| DIRECTIONS FOR THIS TASK |
Scan the records below for the line with "Kings of Indigo" and the line with "Looney Tunes Characters", and retype that range exactly, both ends included, pictures excepted.

** EXTRACTED ENTRIES follows **

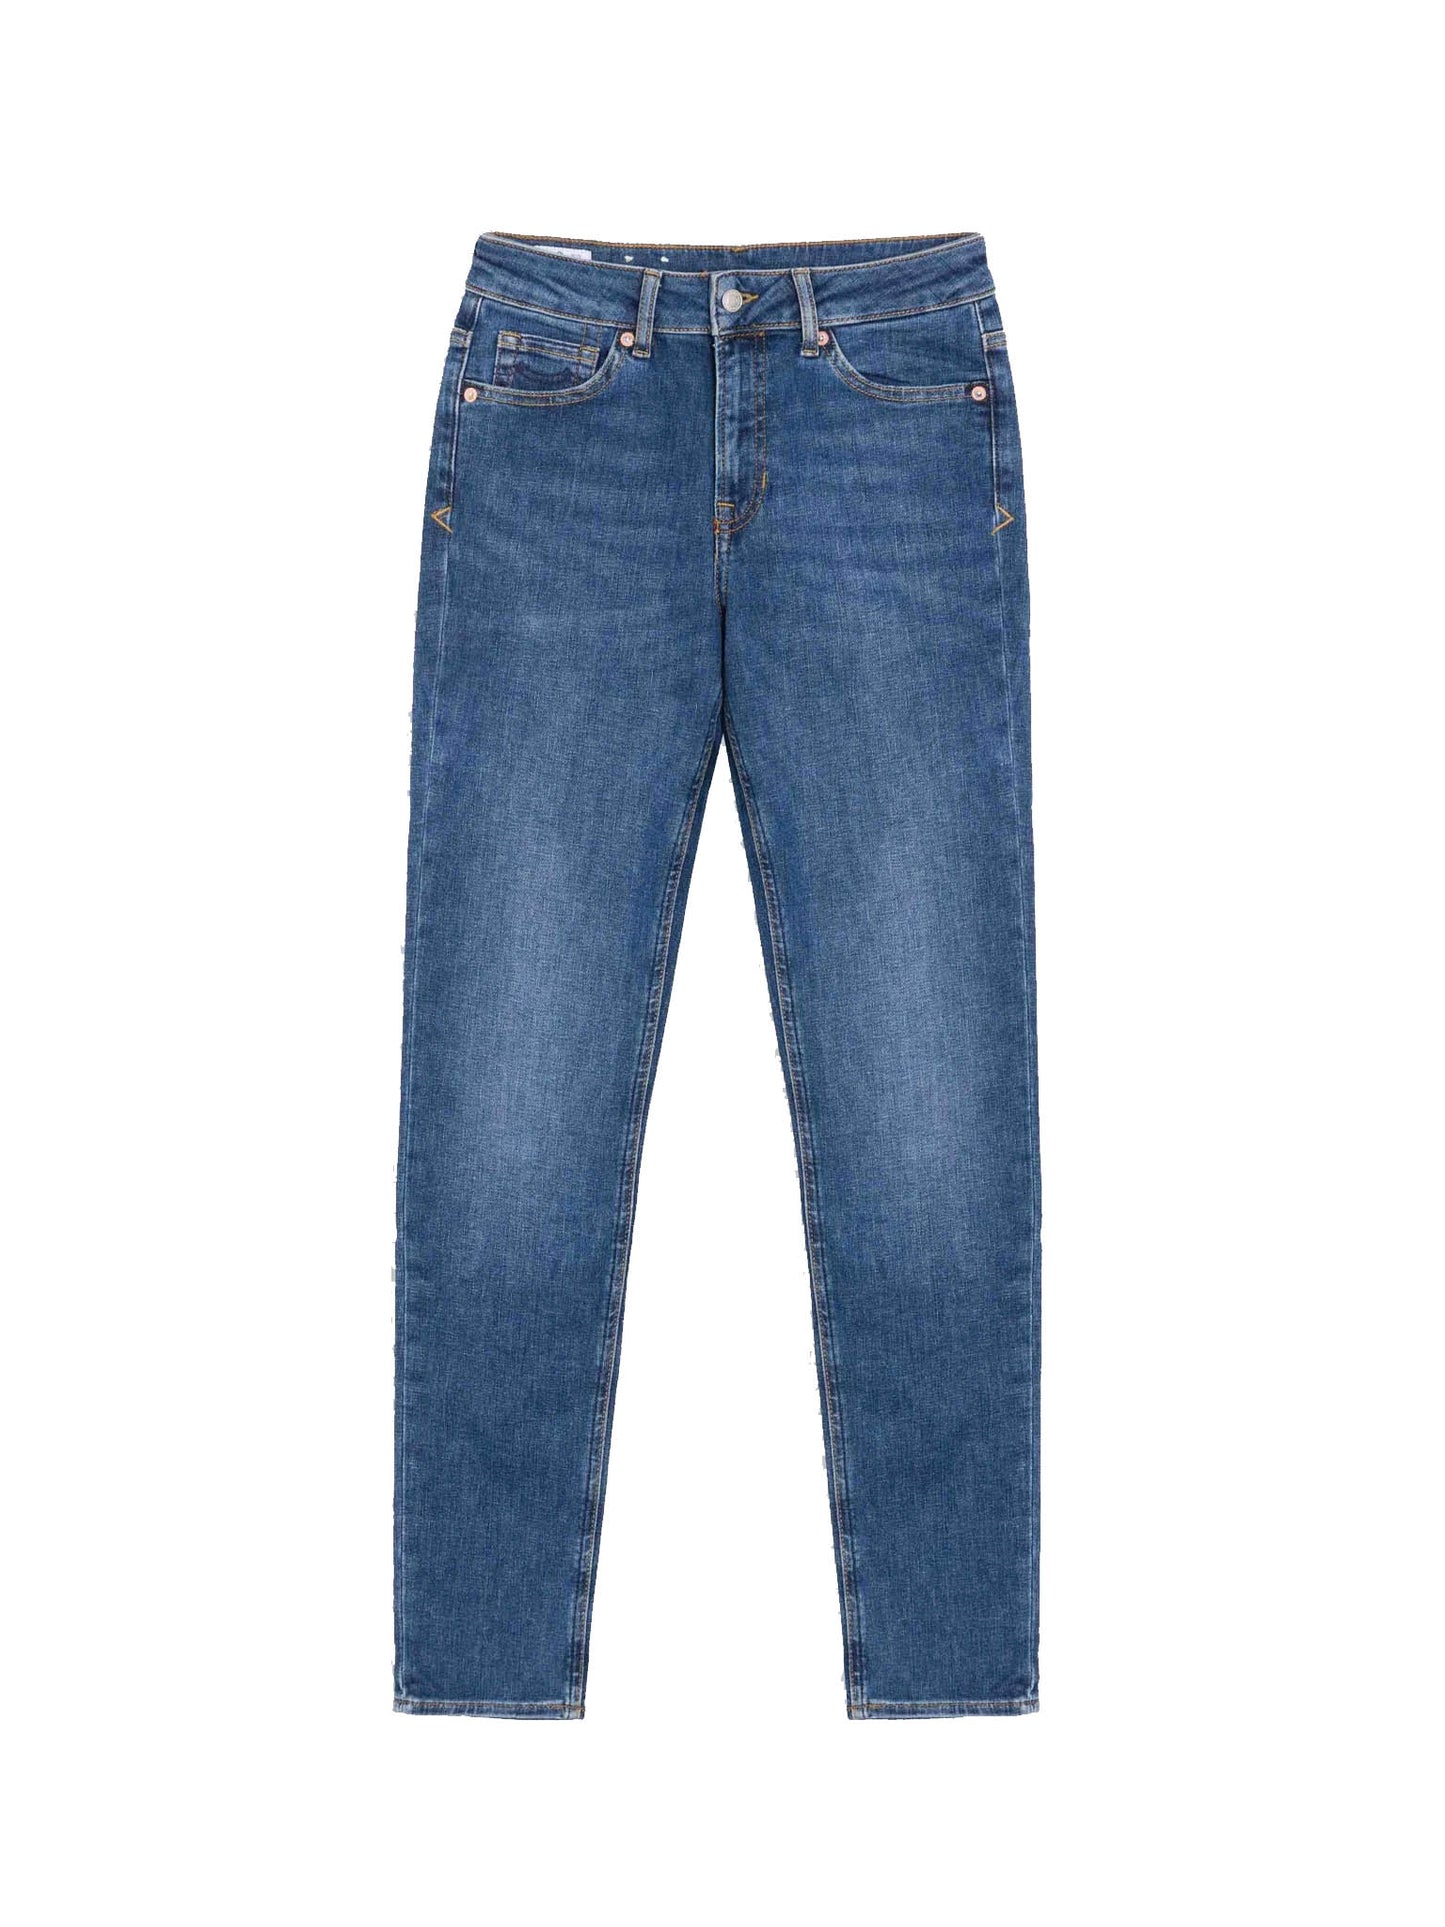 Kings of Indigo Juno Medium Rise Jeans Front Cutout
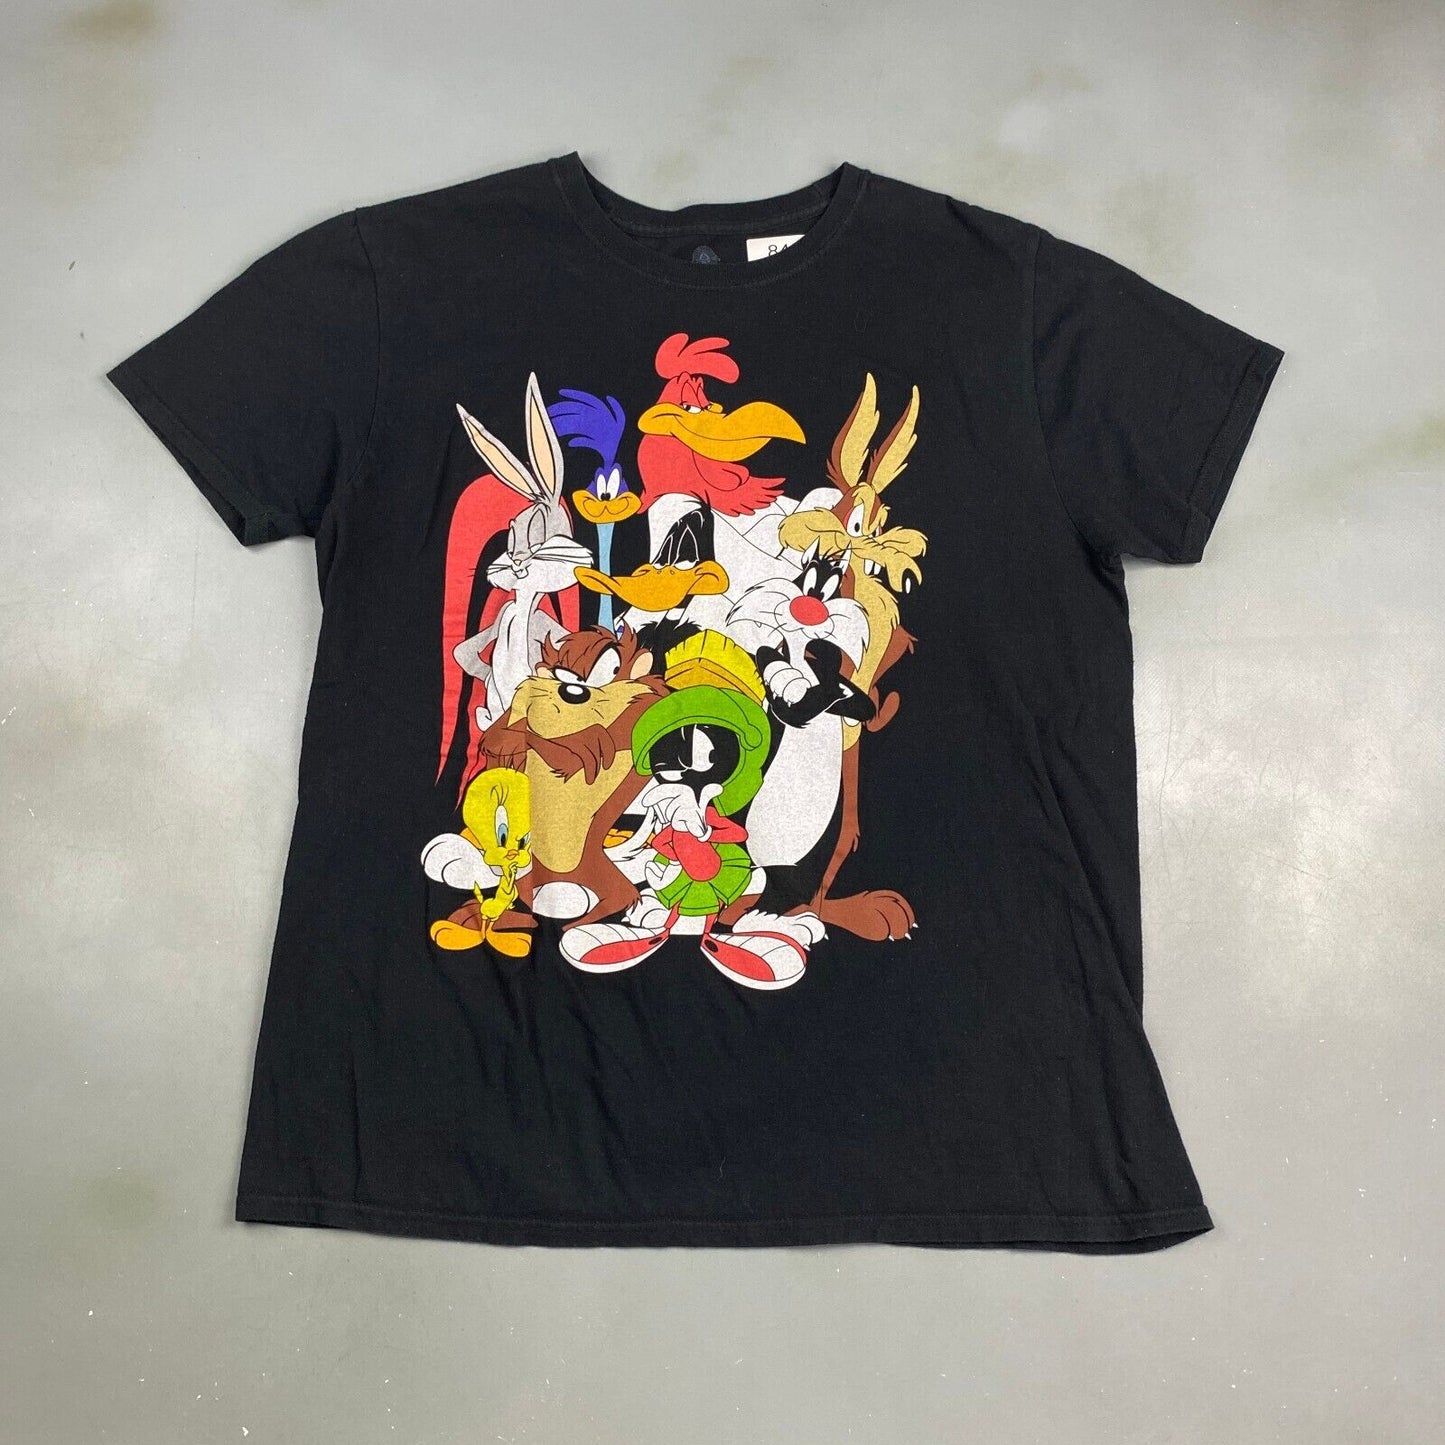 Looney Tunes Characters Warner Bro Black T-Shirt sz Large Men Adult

** End of EXTRACTED ENTRIES **
** EXTRACTED ENTRIES follows **

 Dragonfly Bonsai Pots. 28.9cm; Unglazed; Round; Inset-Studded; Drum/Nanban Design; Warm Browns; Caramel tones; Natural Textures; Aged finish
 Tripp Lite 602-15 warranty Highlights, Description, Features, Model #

** End of EXTRACTED ENTRIES **

| RESPONSE BELOW |
 Kings of Indigo Juno Medium Rise Jeans Front Cutout
 Looney Tunes Characters Warner Bro Black T-Shirt sz Large Men Adult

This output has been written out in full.